Platforms that have advanced analytical capabilities can even help by getting ahead of a problem before it occurs. They can trigger actions even as service degradation occurs and proactively bring focus onto a problem before it results in an full-fledged service outage.
Business Service Intelligence – Rather than highlighting issues in the underlying infrastructure, business service monitoring enables IT Ops teams to prioritize and address issues quickly based on the impact to the business. It works by tying business services to the underlying infrastructure components. As issues are detected in the infrastructure, the impact can be ascertained in terms of performance and availability, providing real time situational awareness into the associated business services.
Streamlined Workflow Management – Service assurance platforms that have embedded assurance processes can provide optimization of change, incident and problem management workflows. They reduce the number of hand-offs and facilitate cross-functional efficiencies.

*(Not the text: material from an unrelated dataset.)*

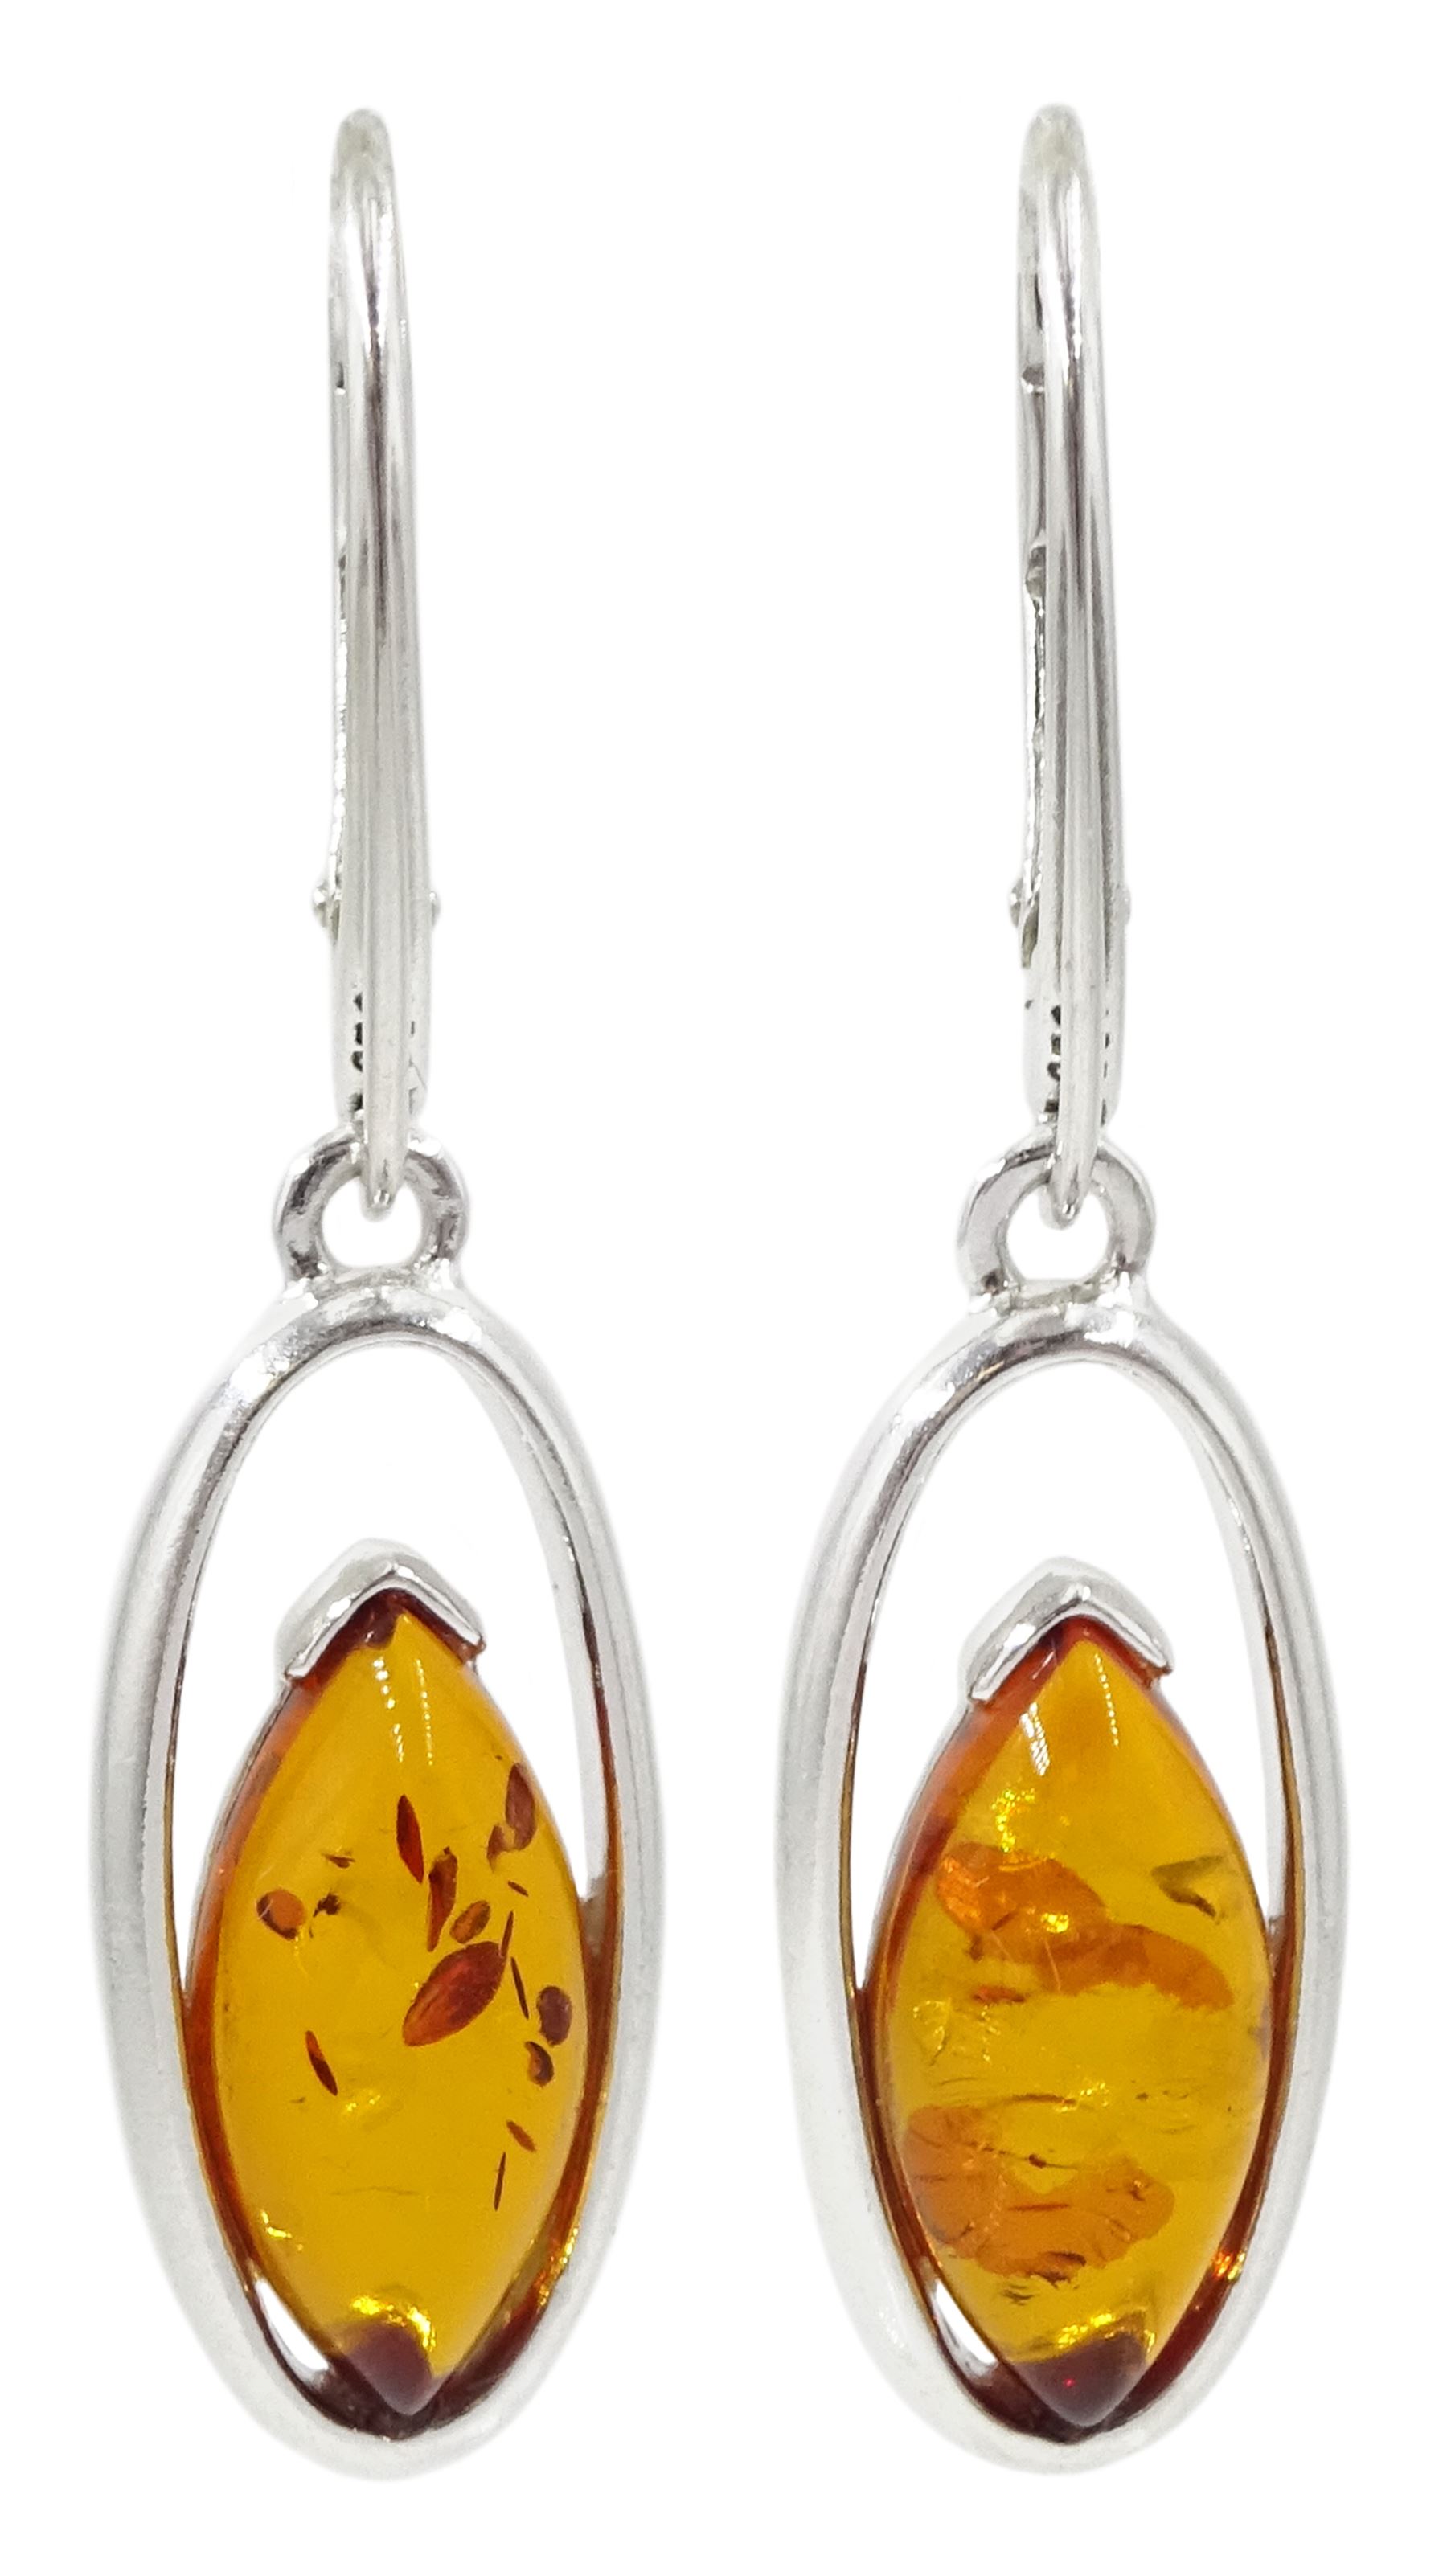 Pair of silver Baltic amber pendant earrings

Automations can play a big role in reducing aspects of operations management by eliminating repeatable tasks. They can bring about other operational efficiencies, such as verifying and validating root causes before activating remediation. Coupled with knowledge bases and playbooks, automations can be used to provide remediation information and in some cases even execute them to improve reaction times.
Advanced Visualizations and Insights – Service assurance platforms have a wealth of information on the real time state and availability of the infrastructure. Visualization capabilities including dashboards, reports and more advanced representations make it possible to take this information and provide a holistic view of system health. With the insights driven by business service monitoring, it is possible to share more relevant information with non-IT business stakeholders about the health of the services they provide and depend upon.
The digital transformation of modern business has disrupted the established service delivery model. Your job is now to keep pace and continue to manage the value generated, the productivity of your teams and, subsequently, the business outcomes.
With a comprehensive service assurance strategy that addresses the people, processes and tools used, you will be prepared to deliver a high level of service to the customer.